Di tutt’altro tenore il successivo Ballata Macabra ( Burnt Offerings, 1976 ), lungometraggio cinematografico diretto sempre da Dan Curtis. Protagonisti sono i membri della famiglia Rolf, e cioè il capofamiglia Ben ( Oliver Reed ), la moglia Marian ( Karen Black ), il figlio dodicenne ( Lee Montgomery ), e la zia del ragazzo ( Bette Davis ), che in cerca di una casa per le vacanze estive, trovano una stupenda villa immersa nel verde con tanto di piscina e un enorme parco. L’occasione è unica dal momento che gli strani proprietari, in cambio di un affitto assai modesto, chiedono solo che i Rolf si prendano cura della casa e della loro mamma, un’anziana che vive solitaria in una stanza dell’ultimo piano. Ben sospetta che dietro a tutto questo ci sia qualcosa di poco chiaro, ma l’entusiasmo di Marian lo convince ad accettare. Passano le settimane, e mentre Marian sembra subire l’influenza della casa al punto da esserne quasi succube, Ben ed il resto della famiglia subiscono la nefasta influenza della magione attraverso una serie di eventi misteriosi ed inspiegabili che quasi li portano alla pazzìa. E proprio il giorno che finalmente decidono di andare via per sempre da quel luogo maledetto, vengono sterminati uno ad uno dallo “spirito” che alberga nella casa, bisognosa di vite umane per mantenere vivo il suo bellissimo aspetto…

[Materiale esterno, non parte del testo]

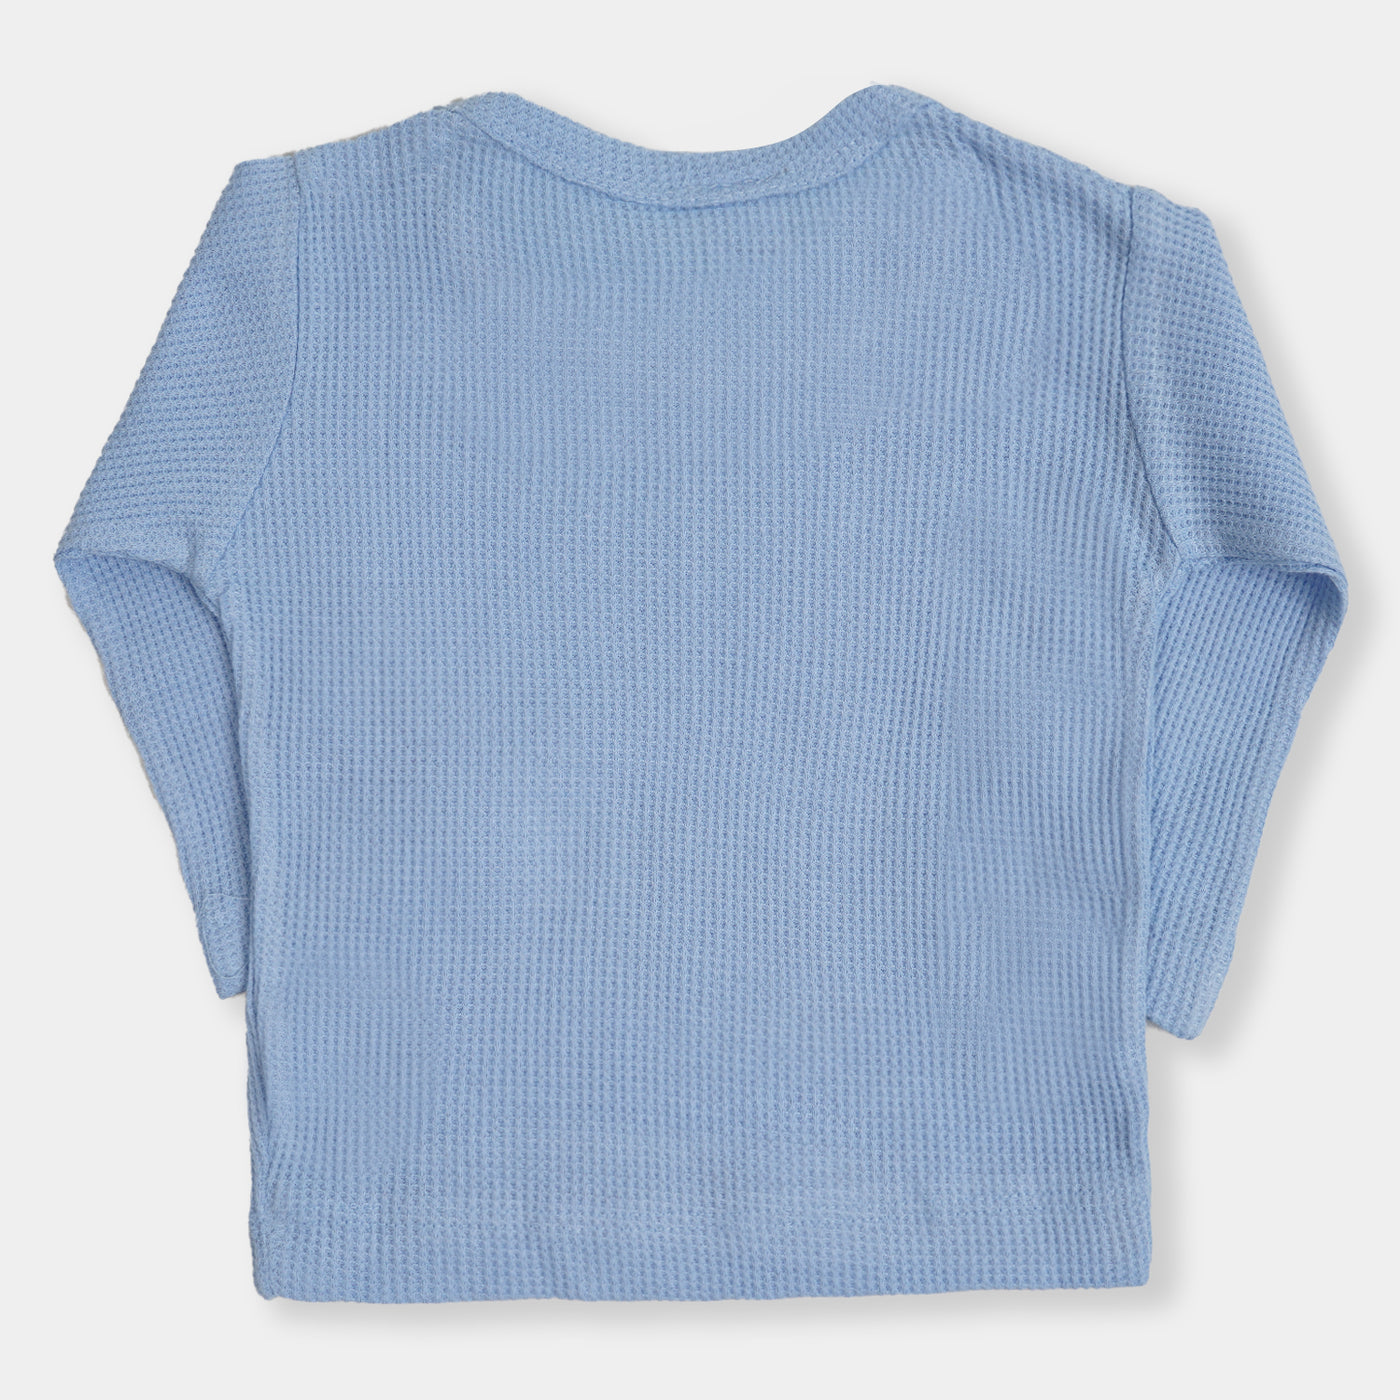 Infant Unisex Thermal Suit - L.Blue

Tratto da un romanzo di Robert Marasco, Ballata Macabra si inserisce perfettamente nel fortunato filone delle “case infestate”, seppure con delle ambiguità di fondo – non del tutto spiegate – che lo rendono ancora più inquietante. La casa è infatti rappresentata come un vero e proprio “organismo” vivente, che deperisce, cambia aspetto ( pelle ), e che ha bisogno di nutrirsi ( attraverso la linfa vitale degli umani con il loro inconsapevole sacrificio ) per mantenersi sempre viva attraverso gli anni ( o addirittura i secoli ). Resta da chiedersi chi – o cosa – sia la persona, l’anziana ( mai mostrata nel corso del film ) chiusa nella stanza di sopra che alla fine vediamo – nella sequenza shock che chiude la pellicola – mostrarsi con le sembianze di una Karen Black invecchiata e diabolica, ormai definitivamente posseduta dalla casa e i suoi fantasmi, spingendola ad uccidere marito e figlio, in attesa dei prossimi, ignari inquilini. L’ambiguità, il mistero, l’inconoscibile, sono gli ingredienti che fanno la differenza in questo genere di film, che Curtis, in questo caso, dirige con il consueto stile lento e misurato, senza strafare in effettacci o cose del genere, ma puntando tutto sull’atmosfera e su un cast di prim’ordine che, oltre a Karen Black, comprende il grande e compianto attore britannico Oliver Reed, un’ormai anziana Bette Davis, e un’insolito Burgess Meredith nei panni del “padrone di casa”. Cinema d’altri tempi per brividi sopraffini.